The diner on the southbound trip did not have the chef’s special of crab cakes. The server claimed that those are put on by the commissary in New Orleans, which had failed to stock the diner well enough for the trip to Chicago and return. The crab cakes were
available on the northbound trip. I found them quite good, accompanied by a very tasty sauce. Sure, the crab cakes were not as good as the one I had in a French  Quarter bistro, but given what Amtrak has to work with that is probably not a fair comparison. It was good enough that I ordered the crab cakes on the Capitol Limited.

For the most part, the menu on the City of New Orleans was the same as that on the Capitol Limited, but with some variation. The City offered a cheddar and broccoli quiche at breakfast that was more like a casserole. It was so good that I ordered it twice. This offering was not available on the Capitol Limited, whose catch of the day at dinner was Mahi Mahi as opposed to salmon on the City of New Orleans. I sampled the salmon on the southbound trip and found it good, although not great. It was enhanced with a nice  sauce and garlic mashed potatoes. The latter tasted like homemade, not instant.

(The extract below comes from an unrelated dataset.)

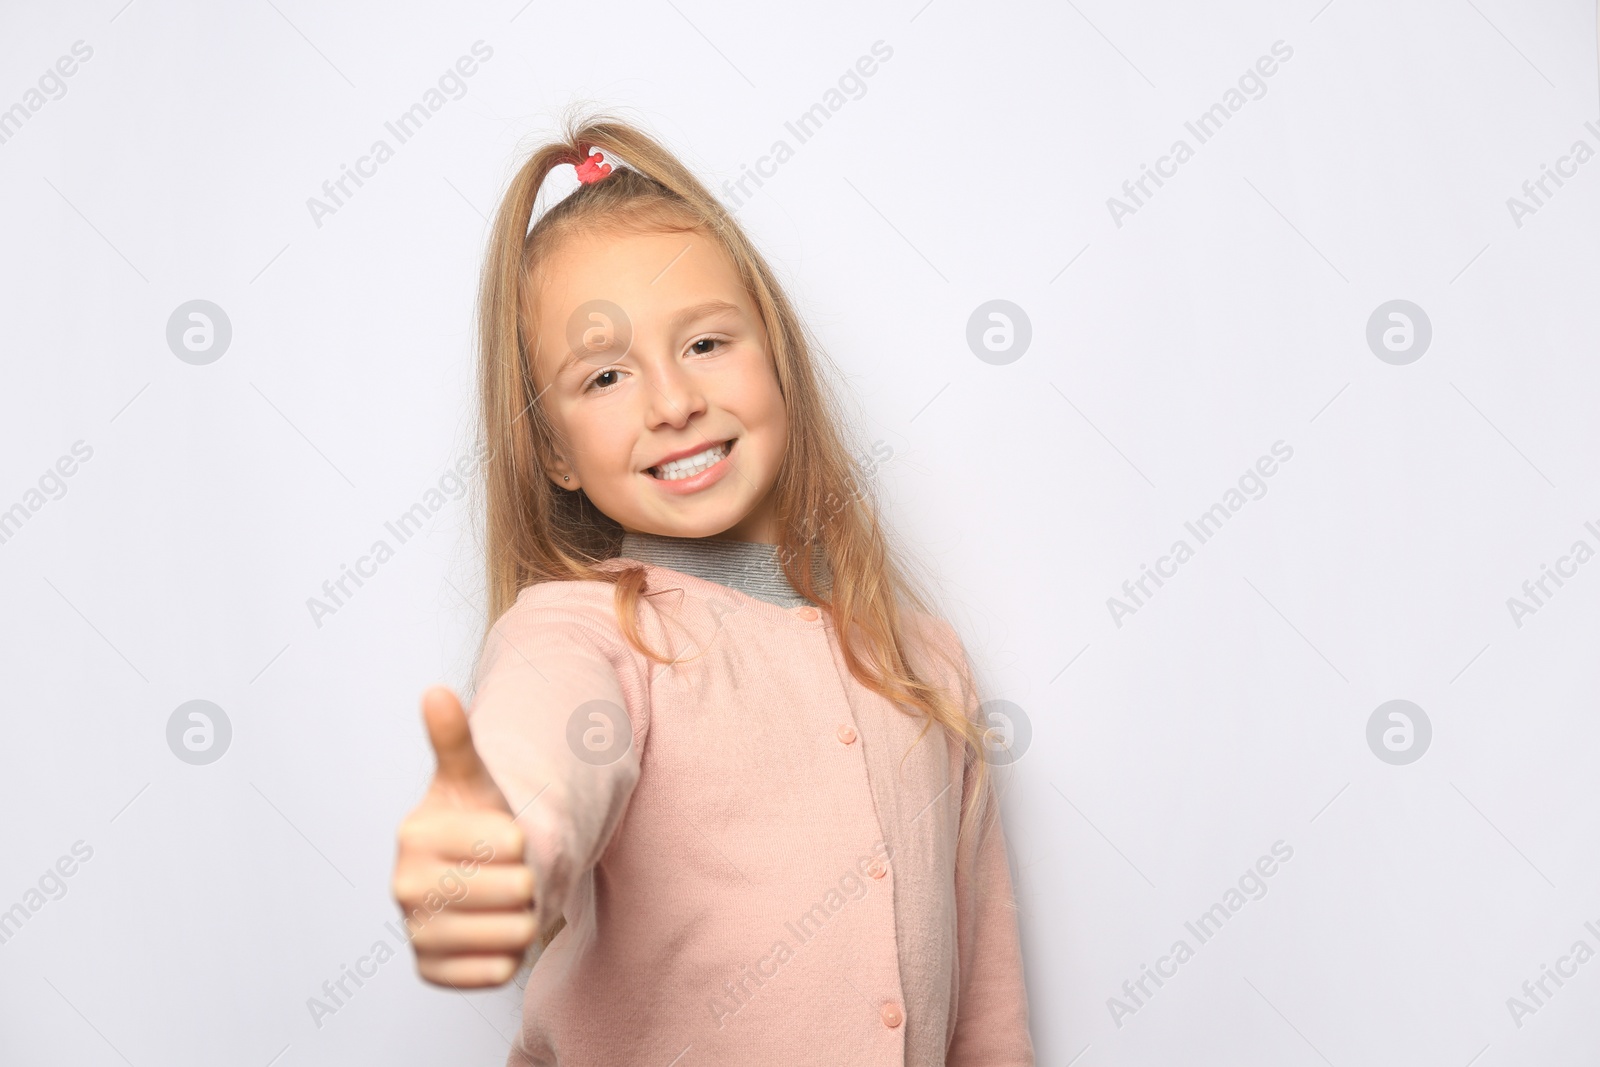 Photo of Happy little girl showing thumbs up on white background. Space for text

On all four trains, we had diners set up in the new configuration. I’m not sure what to think about this. Yes, it does give the diner a non-traditional look, but if you draw one of the short tables, you wind up sitting with your back to the window. That I didn’t like. Yes, I could see out the window on the opposite side of the car, but that required looking over someone else’s table.
 
I wonder if this new seating arrangement has reduced the capacity of the diner. That did not appear to be much of a problem on the City of New Orleans, but was an issue on the Capitol Limited. Shortly after leaving Chicago, a dining car employee announced he would soon come through the coaches to take dinner reservations with the earliest seating at 9 p.m. The train departs Chicago at 7:05 p.m. Serving begins as early as 6:30 p.m. but sleeping car passengers get first crack at reservations. With three sleepers on the train, there are a lot of first class passengers to feed.

The dining car guy never did come through the coaches to take reservations. When he announced the 9 p.m. seating, he apparently said something about open seating now. We went to the diner and were promptly seated. That the server never came through the coaches was hardly surprising. With just two servers and seatings every half-hour I just didn’t see where there would be time for anyone to break away to the three coaches to take dinner reservations. On nights like these, the diner could use some more help.

If you have not dined on Amtrak lately, they are still using the paper plates and stainless steel silverware with cloth napkins at some meals. This does not appear to compromise the quality of the food much, although real china would be better.

The on-board personnel of the City of New Orleans in particular was friendly and accommodating. There were coach attendants on the Capitol Limited, but they never seemed to be around much and I had no dealing with them. 

New Orleans Union Passenger Terminal has a first class lounge called the Magnolia Room. It is not staffed and you enter it by punching in a code that you must get from the ticket counter. It was a nice lounge, although it does not have enough chairs. Also, if you don’t wish to watch TV you are out of luck.

From my observations, all of the trains were full or near capacity. Although we had sleepers on the City of New Orleans, I heard an announcement as we sat in Chicago that the train was full and that every seat was needed. This was in March on a Monday night.
Presumably, Amtrak would be able to sell more seats during the peak travel season this summer if it has cars to add to the trains.

In summary everything worked out the way that it should. The few glitches that occurred were not significant enough to spoil our enjoyment. We both had a very good trip. This was Amtrak as good as it can be given the resources it has and the conditions under which it must operate these days.